Taking the line with "Dea Kudibal 0030723" as the first and the last line of the listing as the final one, please copy exactly those lines and no others, without pictures.

Entries supplied START

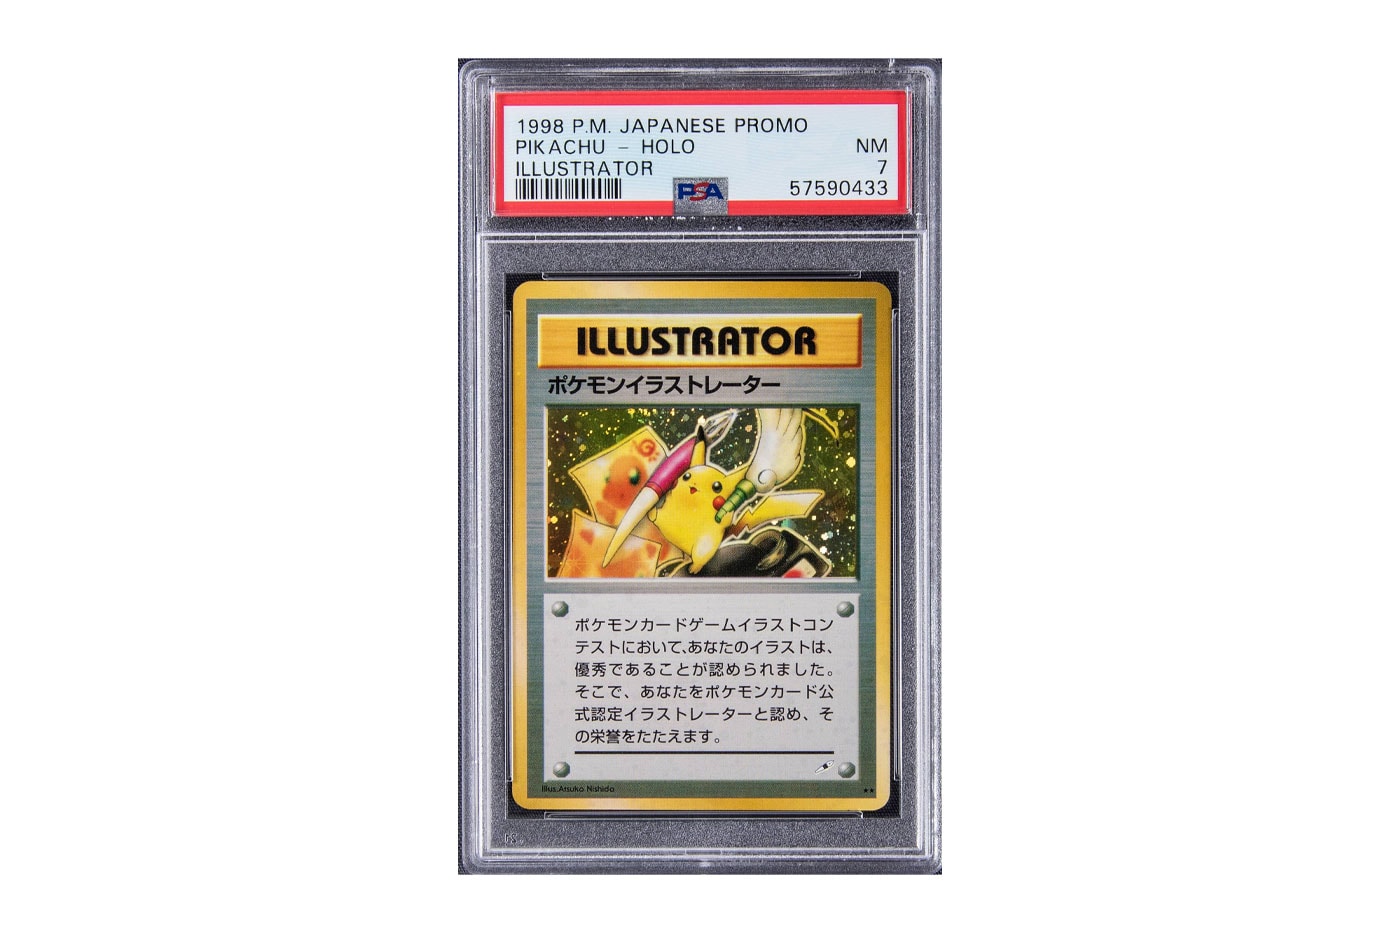 8.8*6.3cm Pokemon Pikachu Illustrator Cards Pikachu Collection
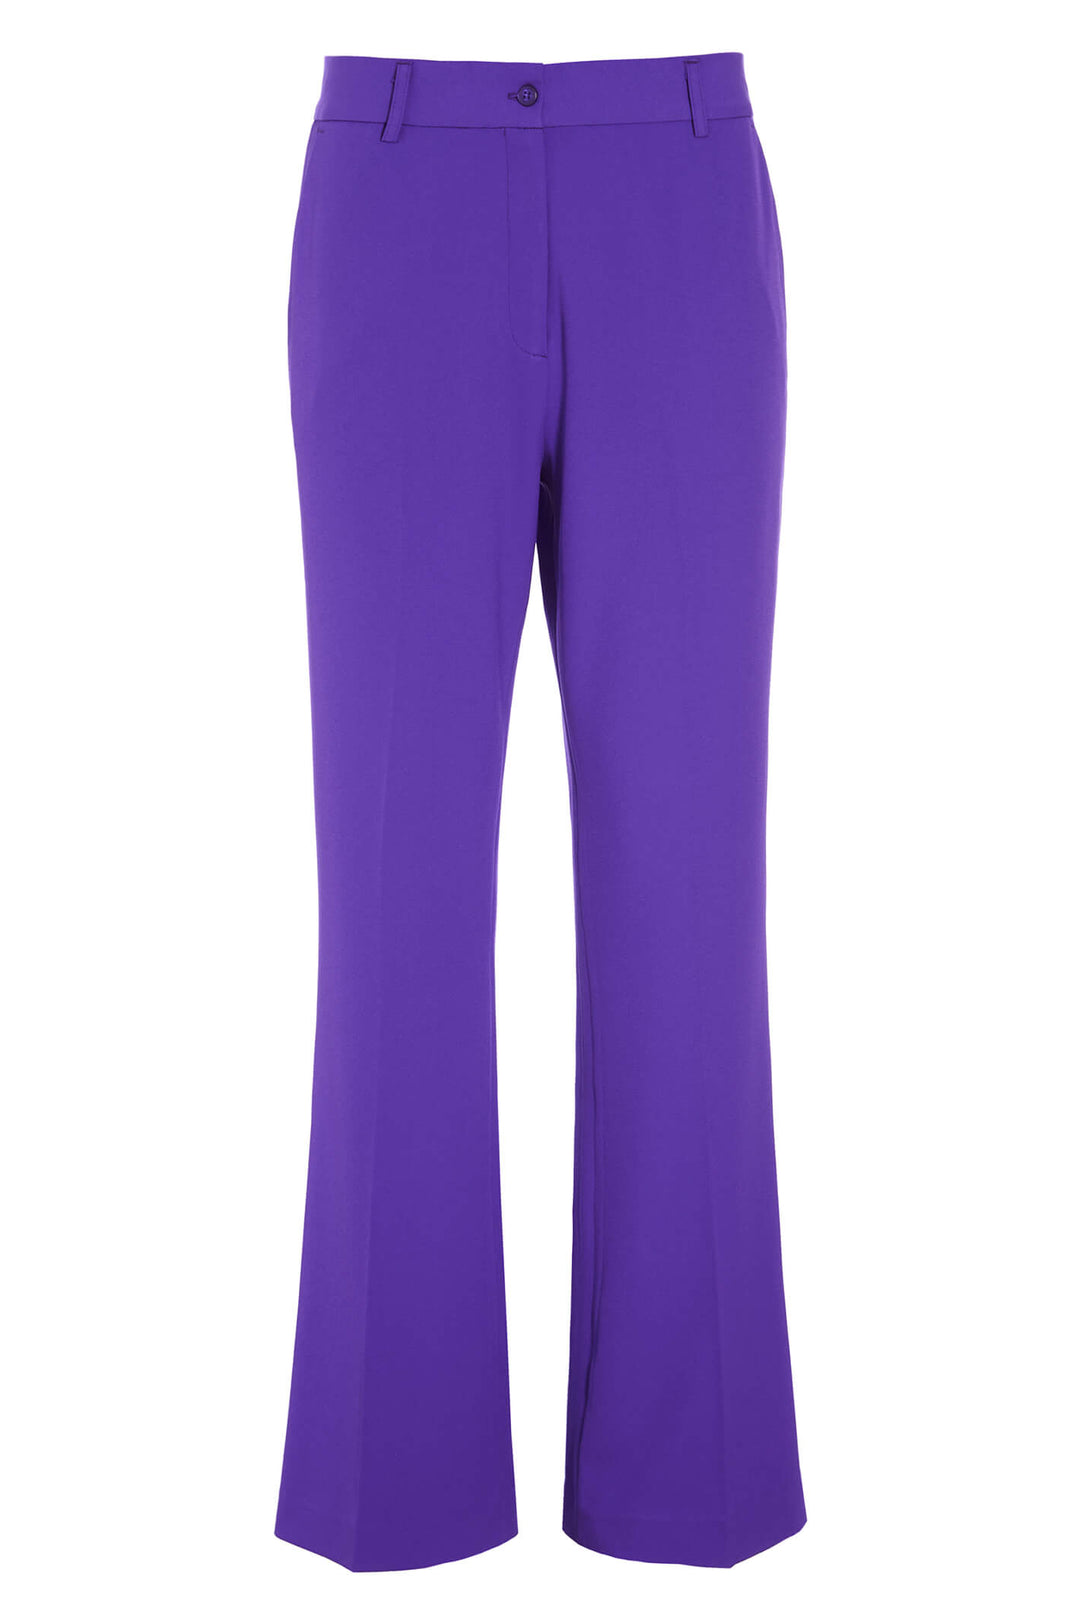 Dea Kudibal 0030723 Rihanna Electric Purple Flared Trousers - Olivia Grace Fashion
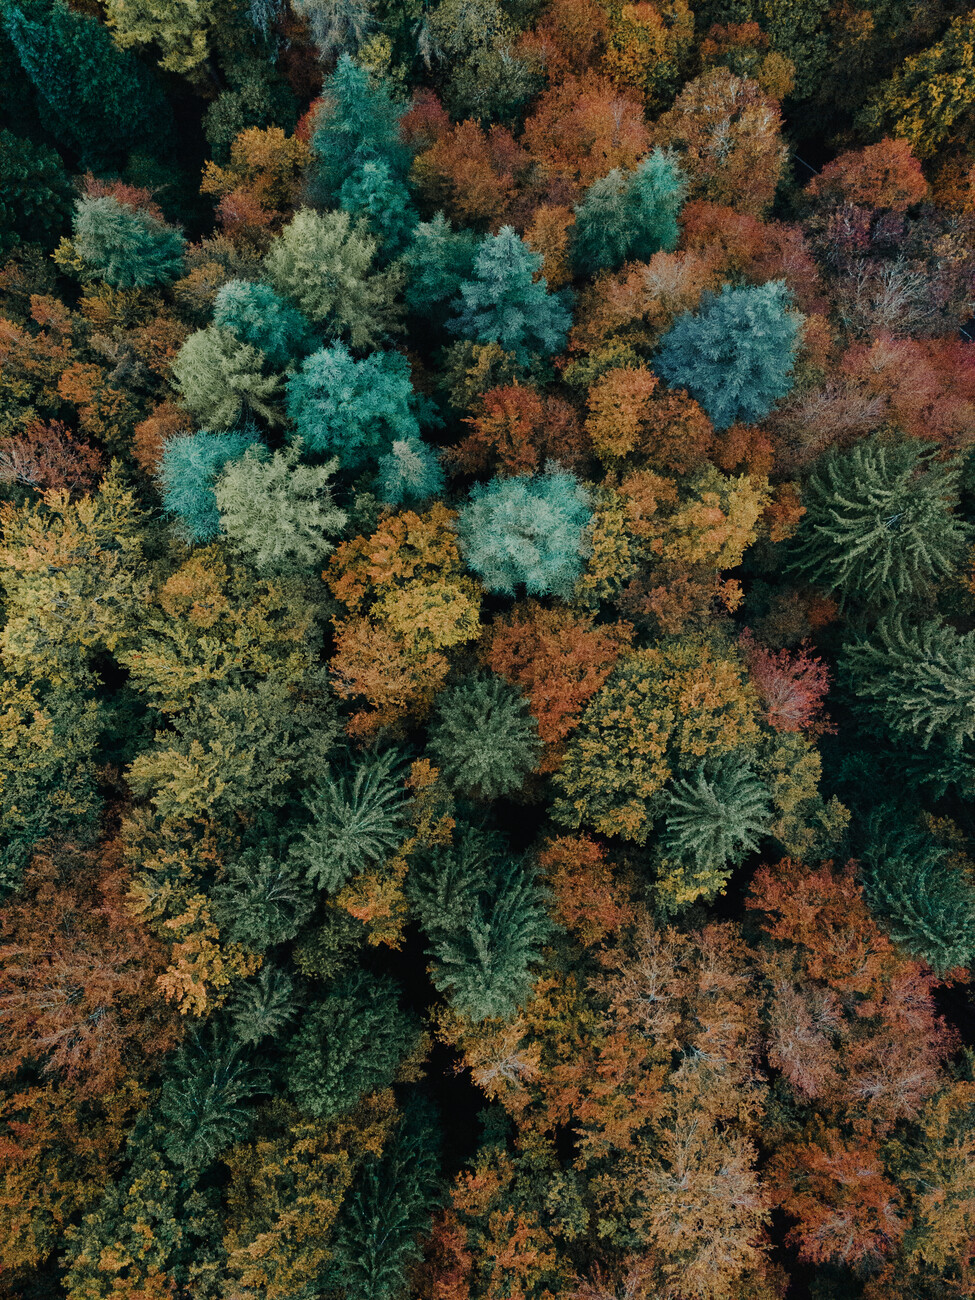 Umělecká fotografie Autumn forest from above
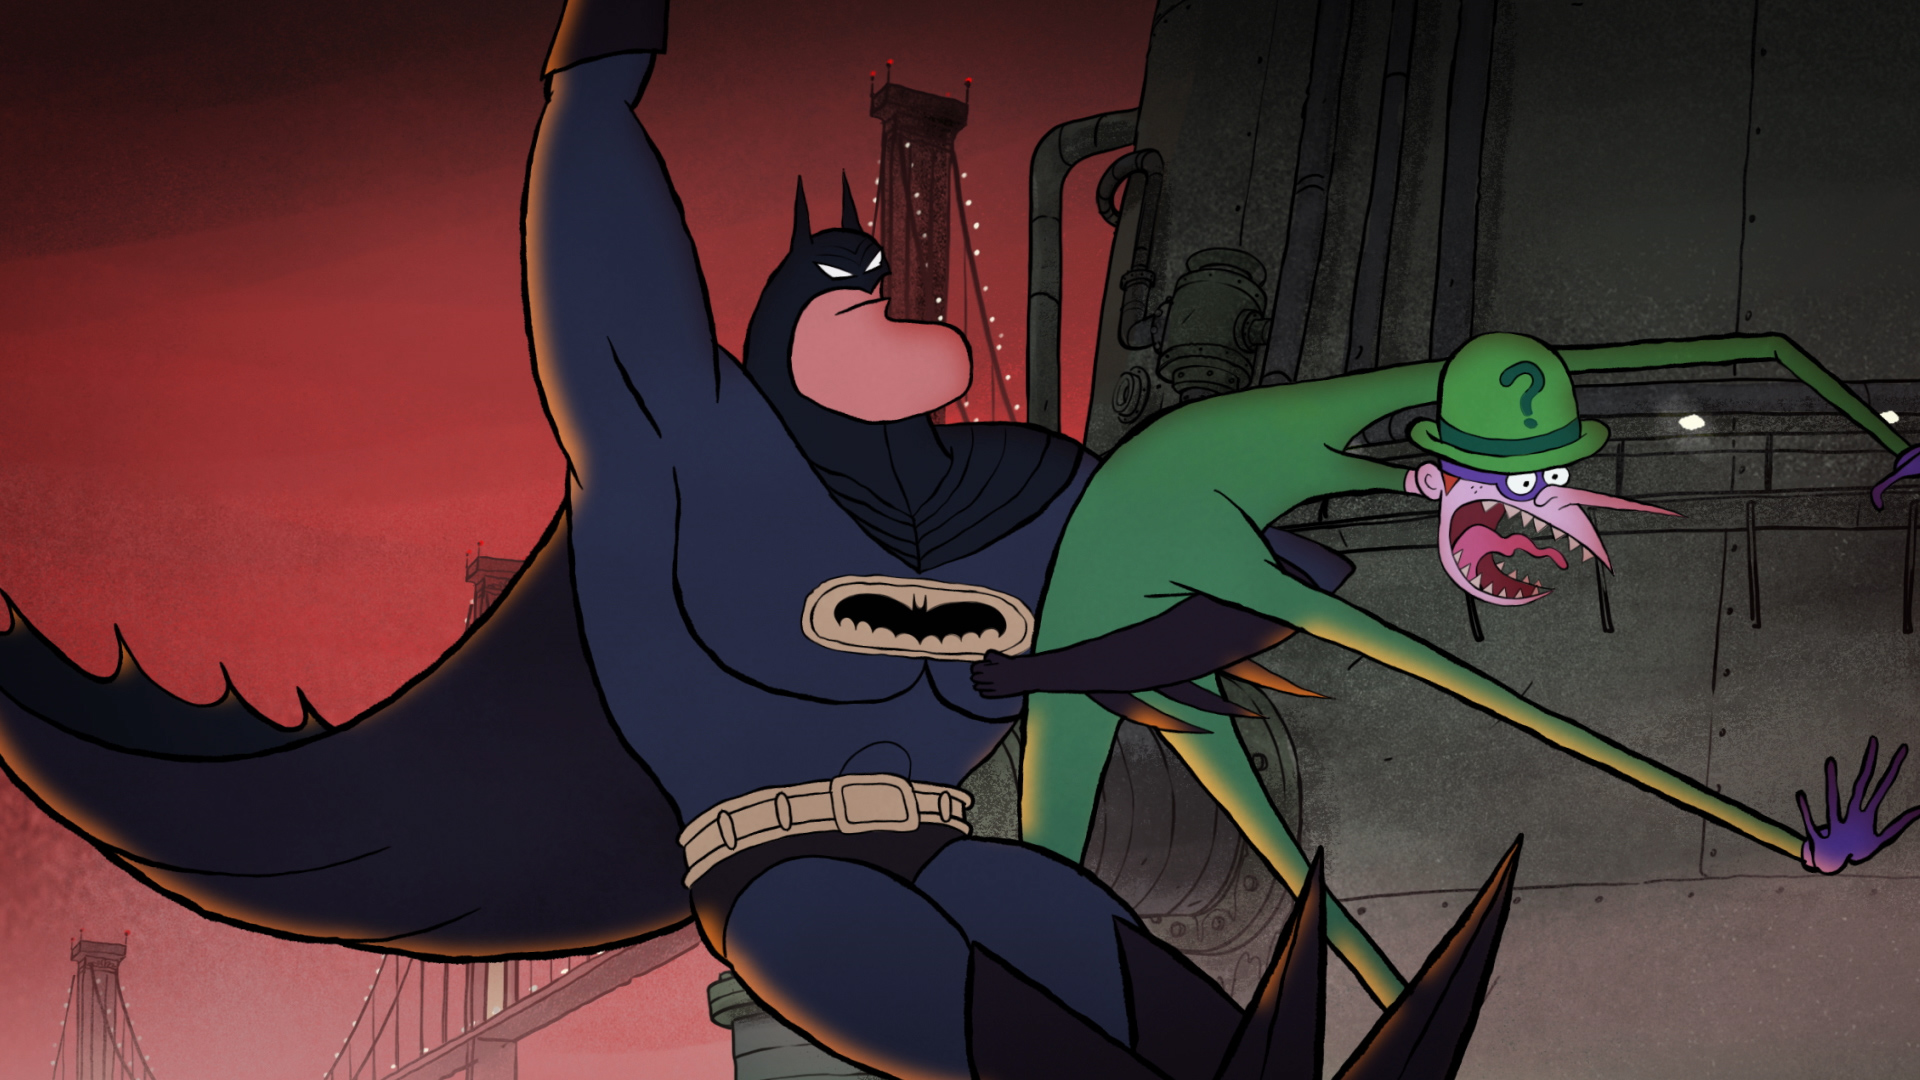 Luke Wilson as Batman in Mike Roth's animated superhero comedy film, Merry Little Batman
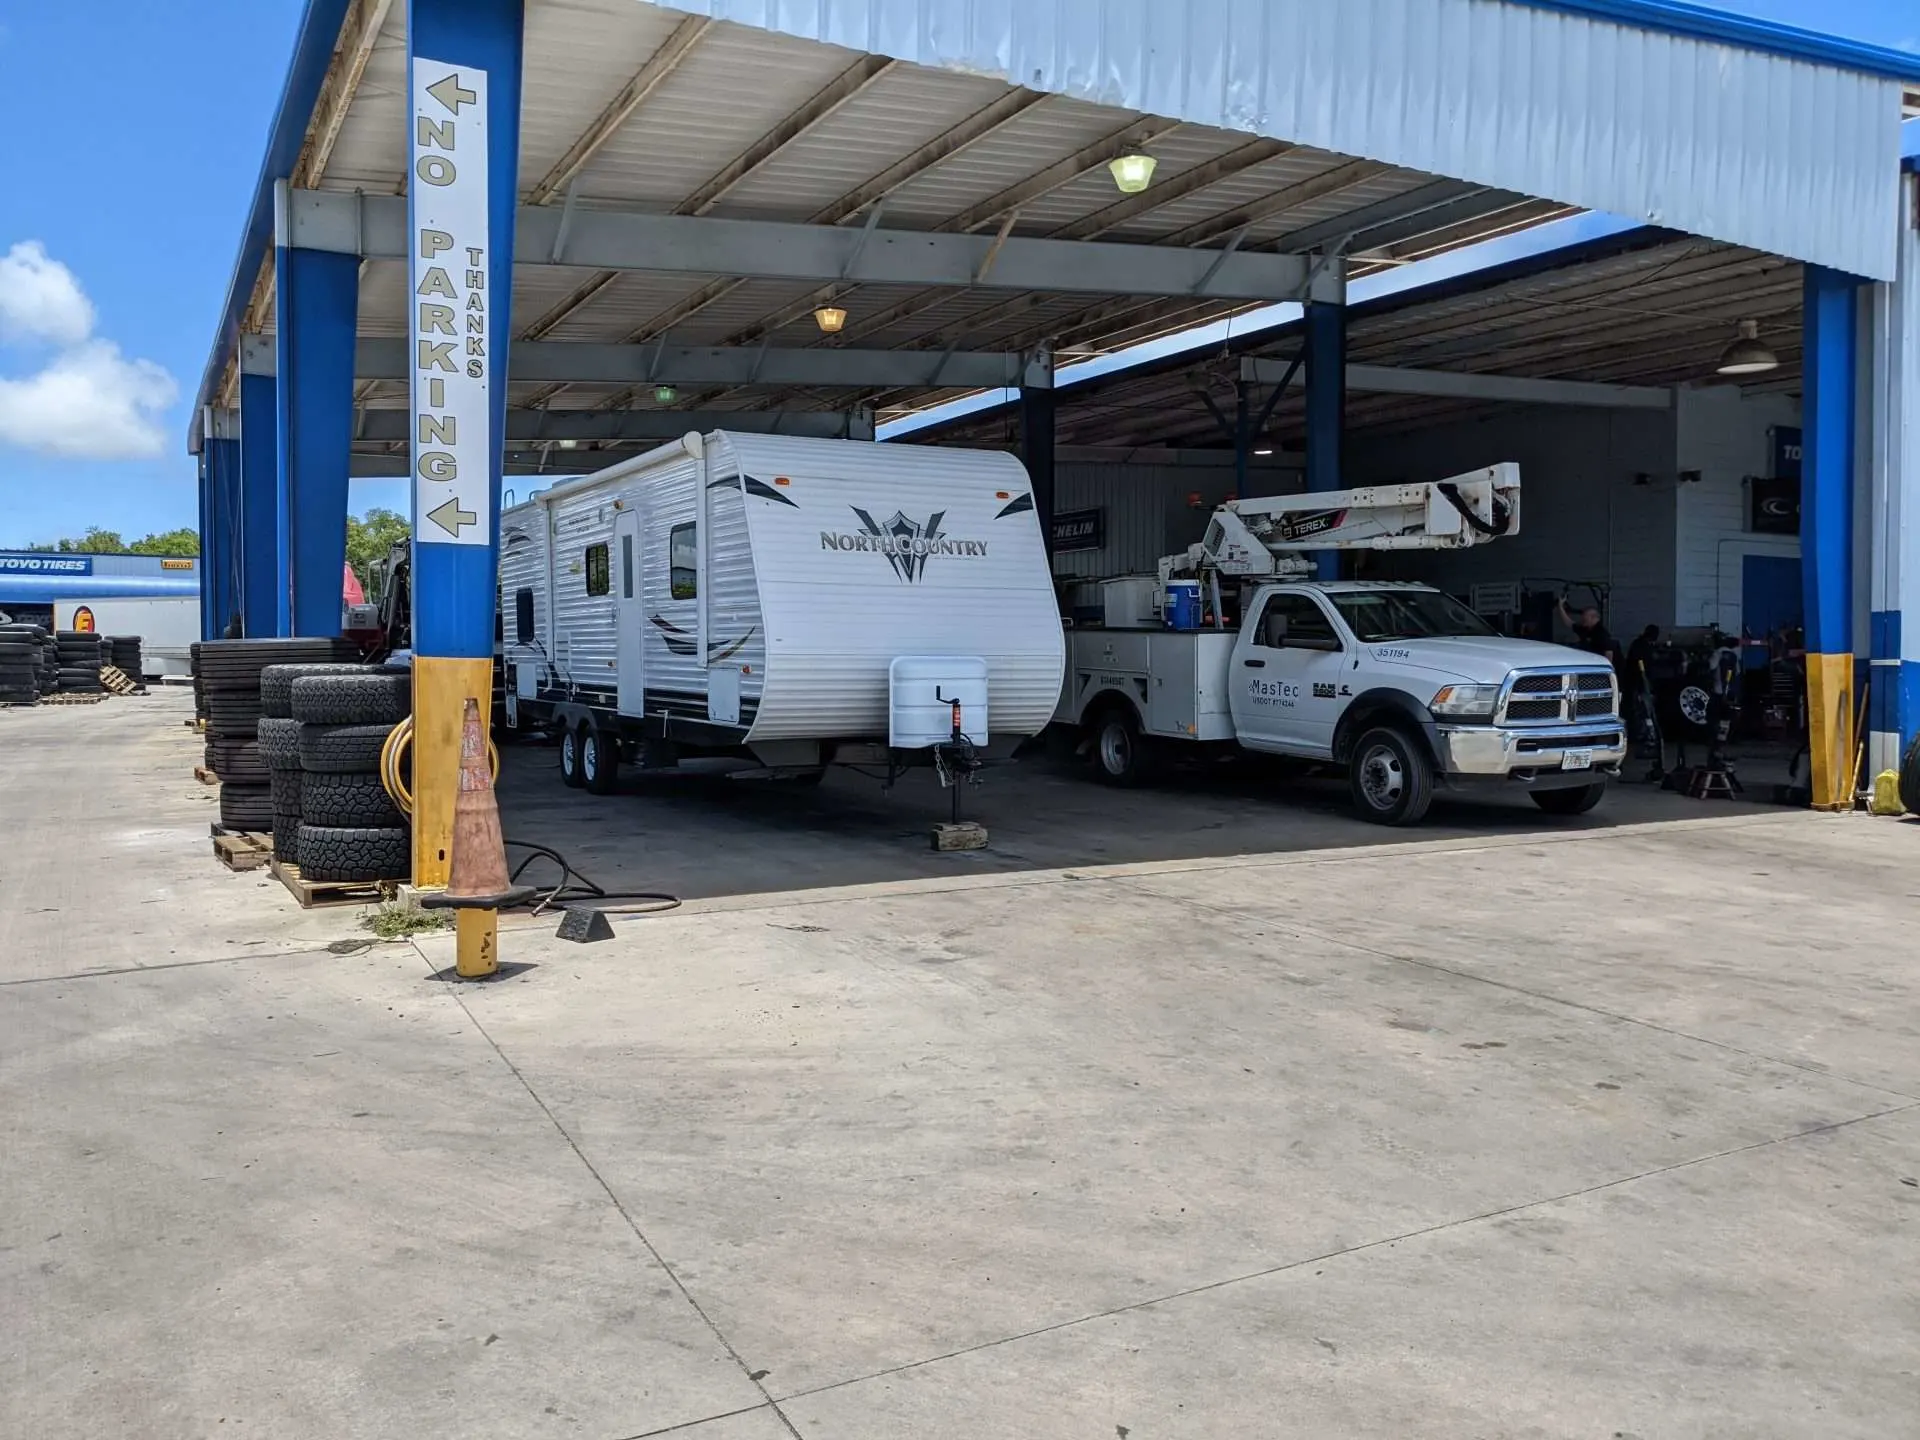 Travel trailer at RV repair shop

Entries supplied END

◆ Answer box ◆
 Dea Kudibal 0030723 Rihanna Electric Purple Flared Trousers - Olivia Grace Fashion
 Umělecká fotografie Autumn forest from above
 Luke Wilson as Batman in Mike Roth's animated superhero comedy film, Merry Little Batman
 Travel trailer at RV repair shop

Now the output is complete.